Last week, Interior Secretary Deb Haaland published a “record of decision” that signaled her department’s intent to take 68 acres of land into trust for the tribe, paving the way for the Shiloh Resort and Casino. As proposed, the development will include a 400-room hotel and a 530,000-square-foot gambling floor, with 2,750 gaming devices and more than 100 table games.
The Koi’s “restored lands” argument won, to the chagrin of Sonoma County’s other gaming tribes.
“I was astounded, but certainly not surprised by the restored lands decision,” Greg Sarris, chair of the Federated Indians of Graton Rancheria, said in a statement to The Press Democrat. “It’s been clear for months that the DOI was reinterpreting the Indian Gaming Regulatory Act in order to approve this project. They have now stretched those laws to their breaking point.”
About 40 miles away, the Wintun Yocha Dehe Nation was feeling a similar sting. Three days before her decision on the Koi project, Haaland green-lighted a land-to-trust agreement for another Pomo band with ancestral ties to modern-day Lake County — the Scotts Valley band — for their proposed casino in Vallejo.

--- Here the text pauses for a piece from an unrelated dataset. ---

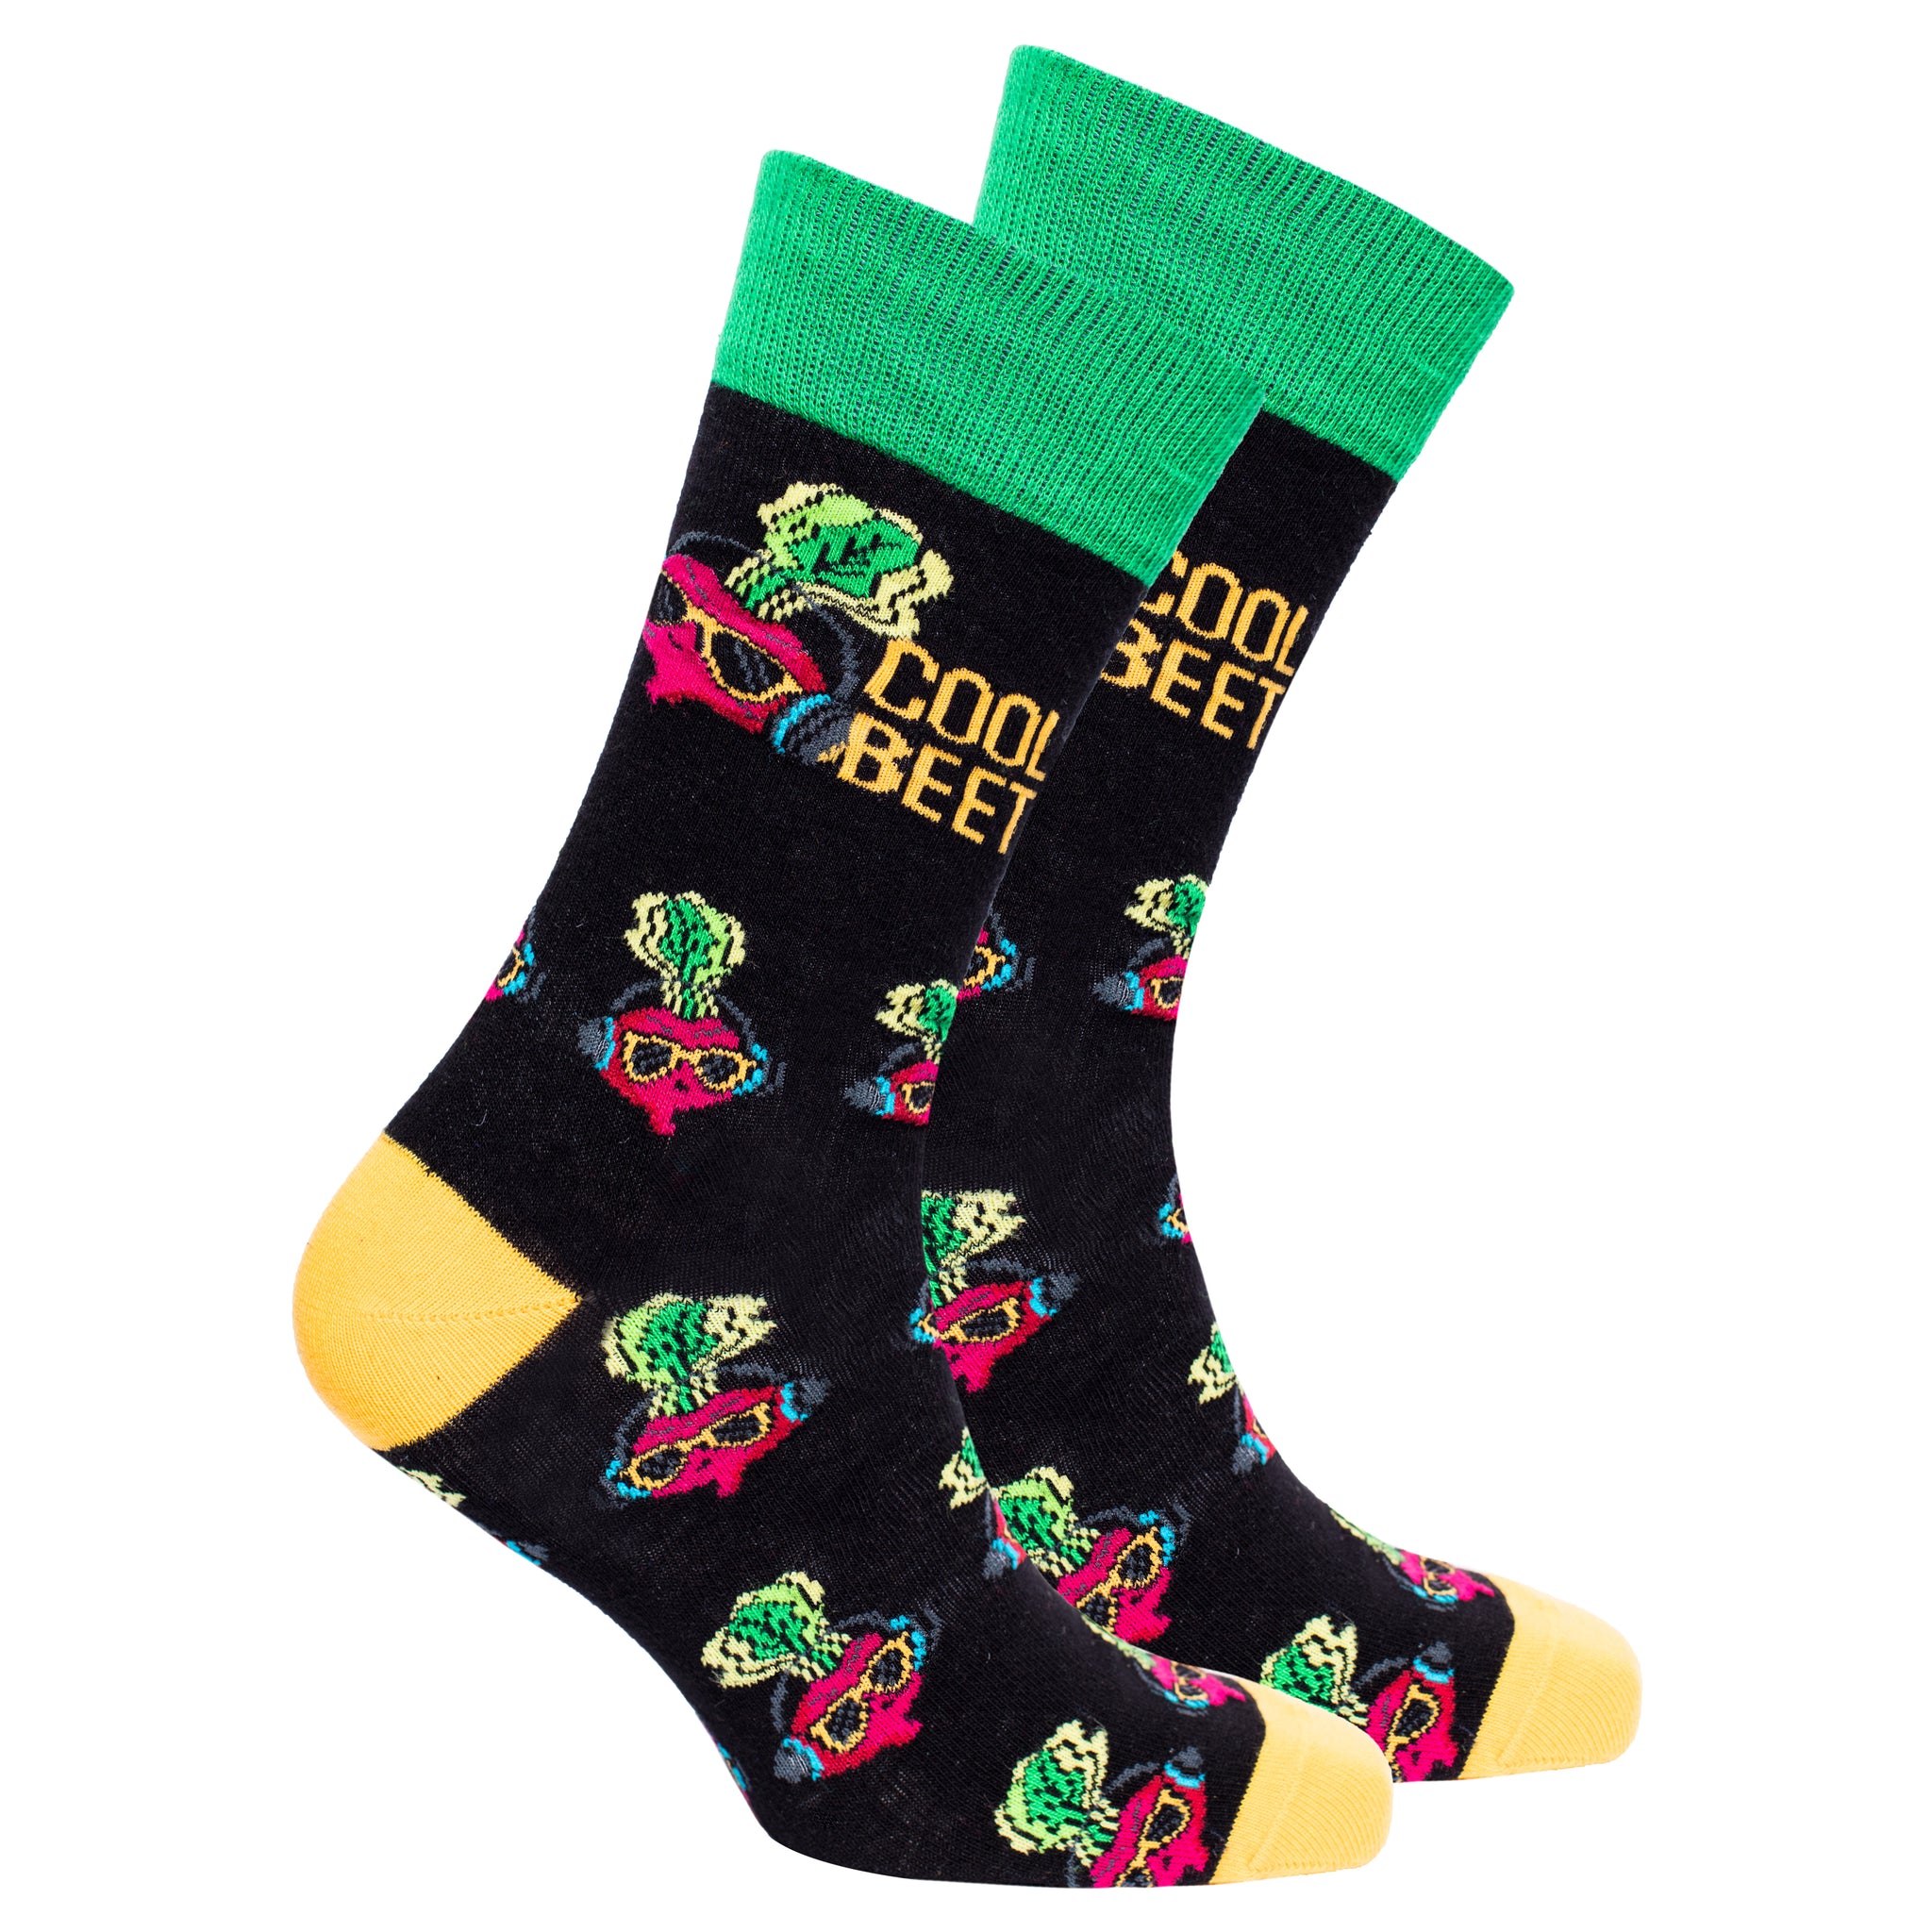 Men's Cool Beet Socks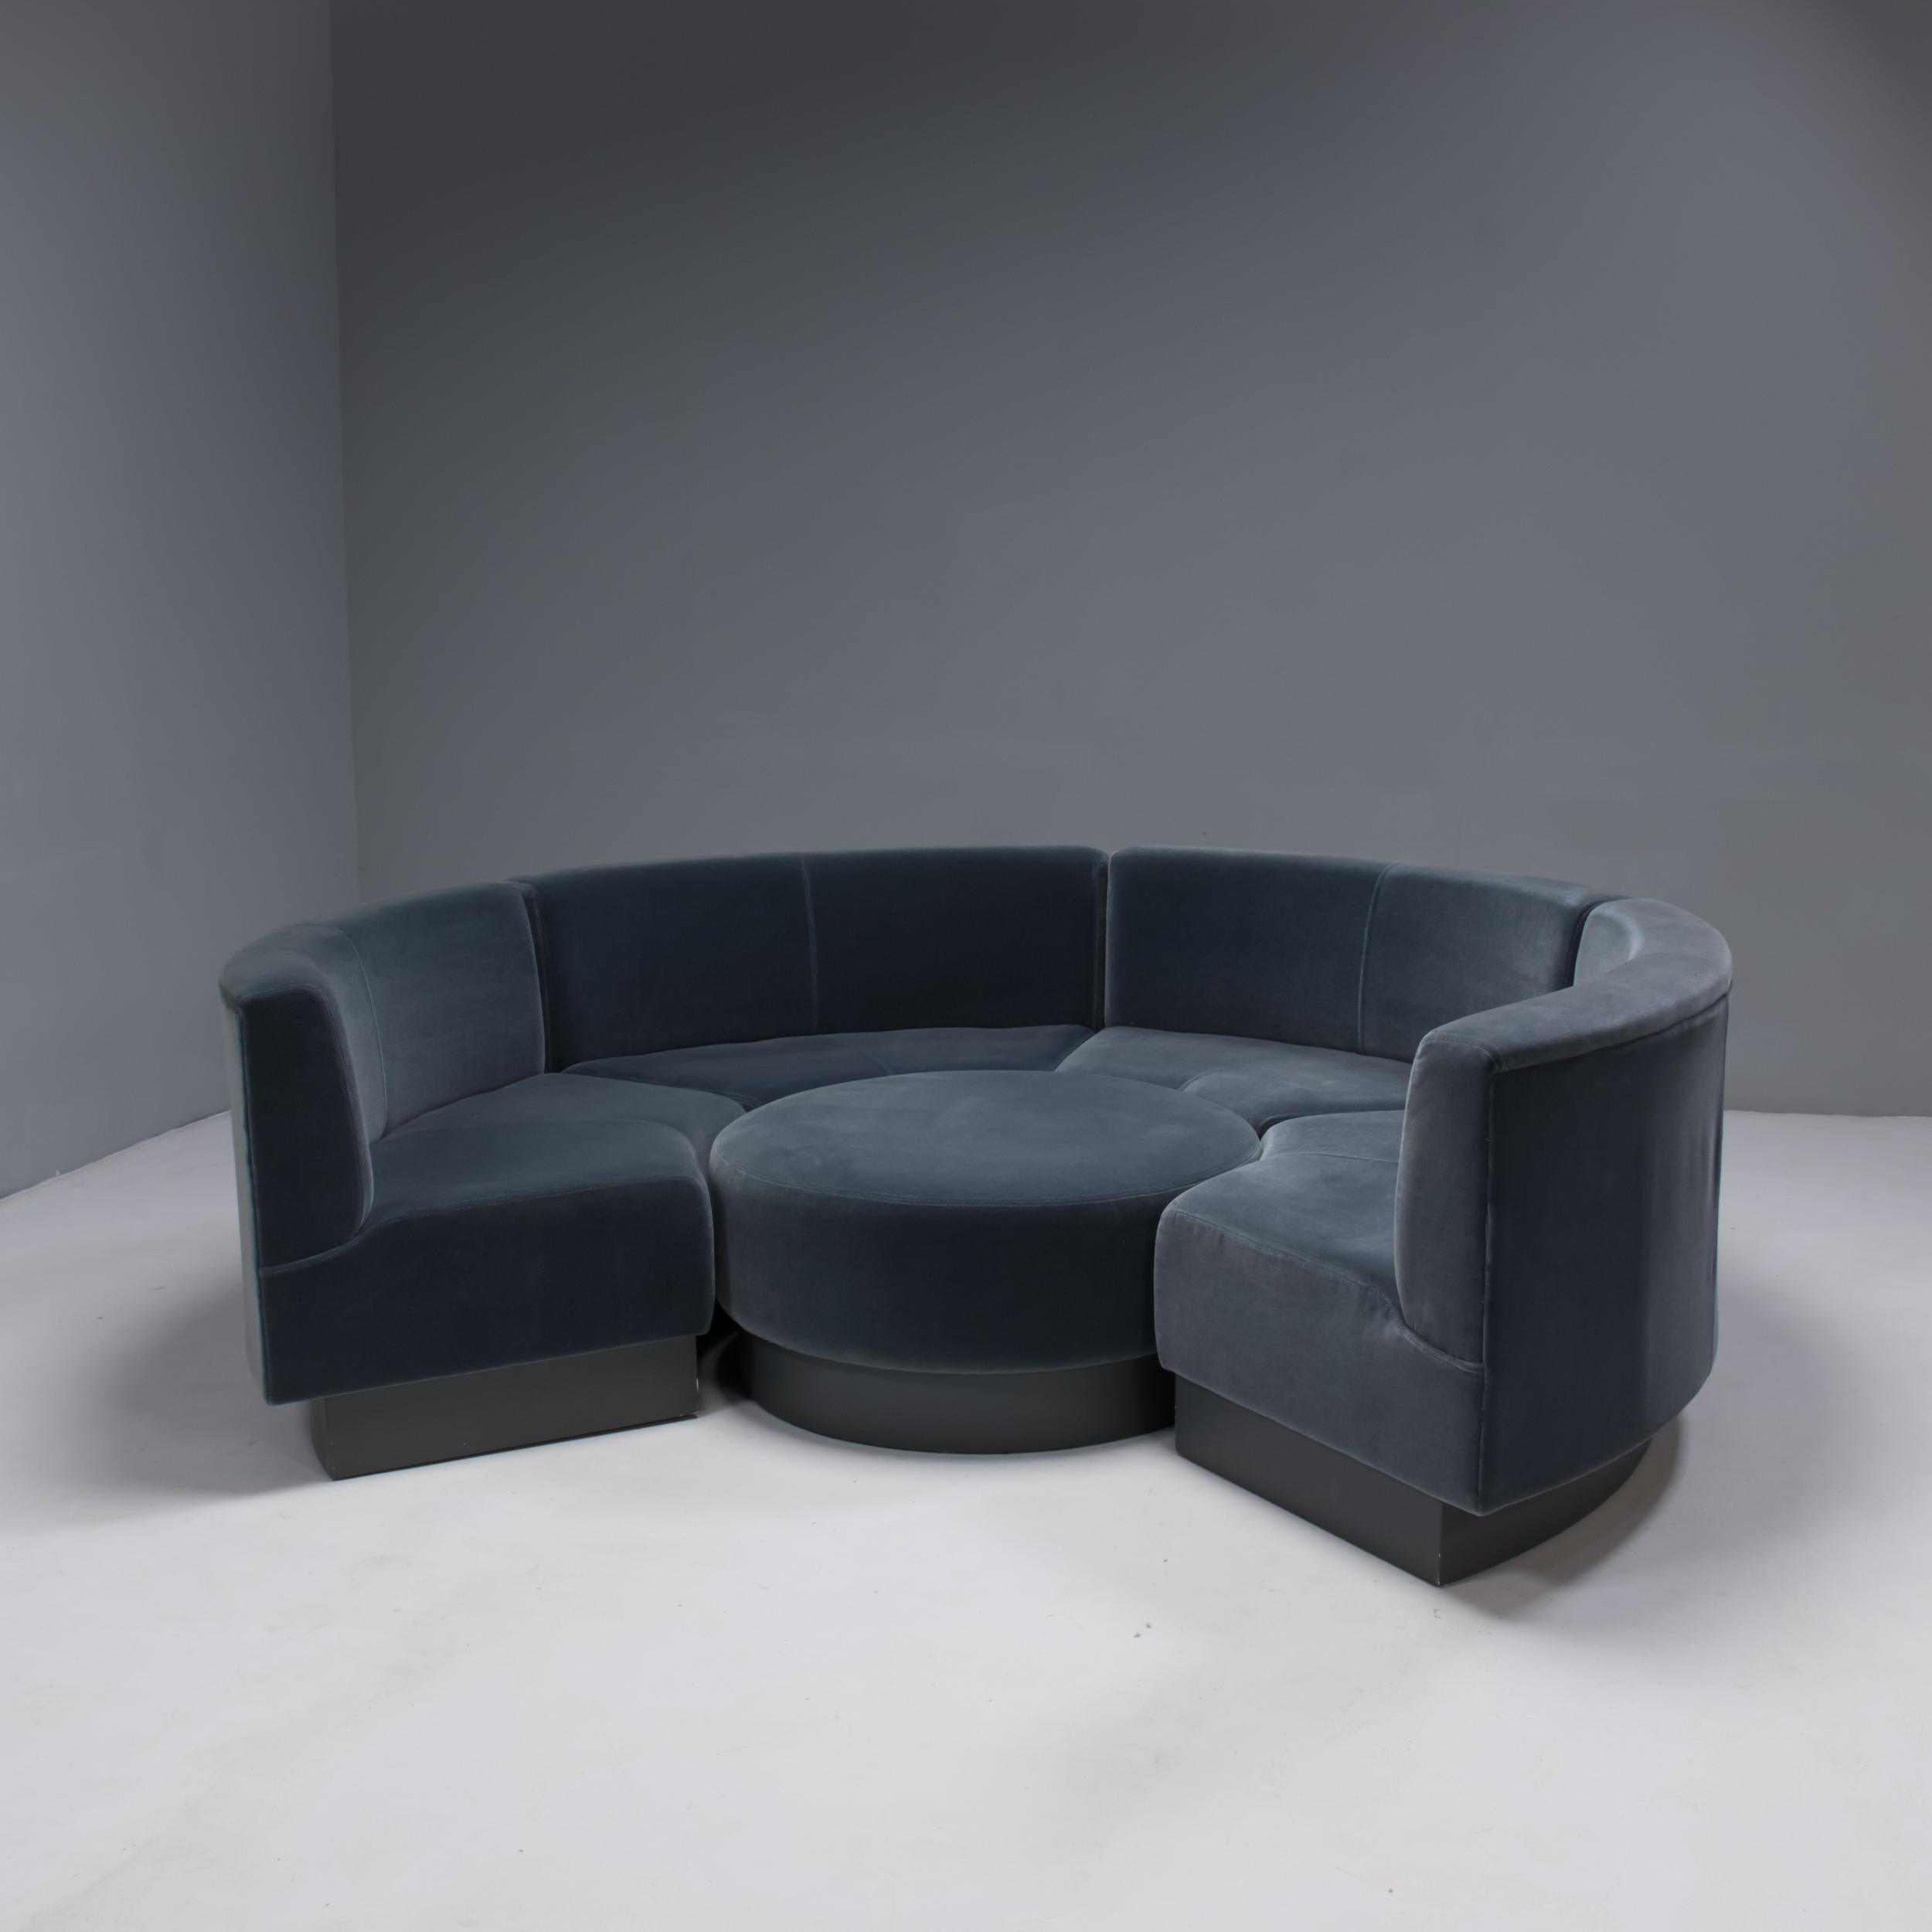 semi circular sofa dimensions

The Bureau of Indian Affairs did not respond to a request for comment and information.
The heated disagreements in the wake of these decisions aren’t surprising, considering the complexity of tribal gaming law, and the twisted and destructive ways the government has treated California’s Indigenous peoples.
“I always feel there’s a danger of reporters latching on to these tribe-vs.-tribe narratives,” said Greg Ablavsky, the Marion Rice Kirkwood Professor at Stanford School of Law. “It’s important to recognize that what has created this situation is the federal government putting itself in position of arbiter and decision maker, and handing down these sometimes-arbitrary decisions. And trying to clean up this history of disastrous policies in the 20th century.”
‘We need exceptions’
The experience of the Koi people is particularly fractured.
The group traces its precolonial origins to the village of Koi, on an island in Clear Lake. In 1916, the U.S. Bureau of Indian Affairs purchased 141 acres in Lake County and called it the Lower Lake Rancheria. That was the Koi’s home until 1956, when Congress authorized transfer of the tract to Lake County, to be developed as a municipal airport.
Suddenly, the tribe was landless.
Dispossessed and scattered, the Koi eventually seized upon the economic strategy many other Native American tribes have found most realistic: gambling.
To get there, they would have to navigate the codes of the Indian Gaming Regulatory Act of 1988, which governs all tribal casinos in this country. It would be a complicated path.
When the act was passed, it essentially limited the pool of Class II and Class III gaming tribes to those with existing federal status at the time, unless new casino land either bordered an existing reservation or was within “the last recognized reservation of a tribe.”
The Koi would ultimately gain federal recognition in 2000, but that would never make them eligible. Fortunately for the tribe, Congress had built some exceptions into the rules.
“On a very broad level, I think it’s important to have some kind of exception,” said Florey, the Martin Luther King Jr. Professor at UC Davis School of Law. “Some tribes were terminated in the 1950s, under a program of kind of destroying the sovereign status of tribes that is now thoroughly discredited. In theory, you would not want to freeze the number of tribes that are able to game, because the rules are very arbitrary. We do need exceptions.”
One exception involves the Secretary of the Interior consulting with the tribe and state and local officials, and determining if the project would be in everyone’s best interest. It requires the governor of the state to concur.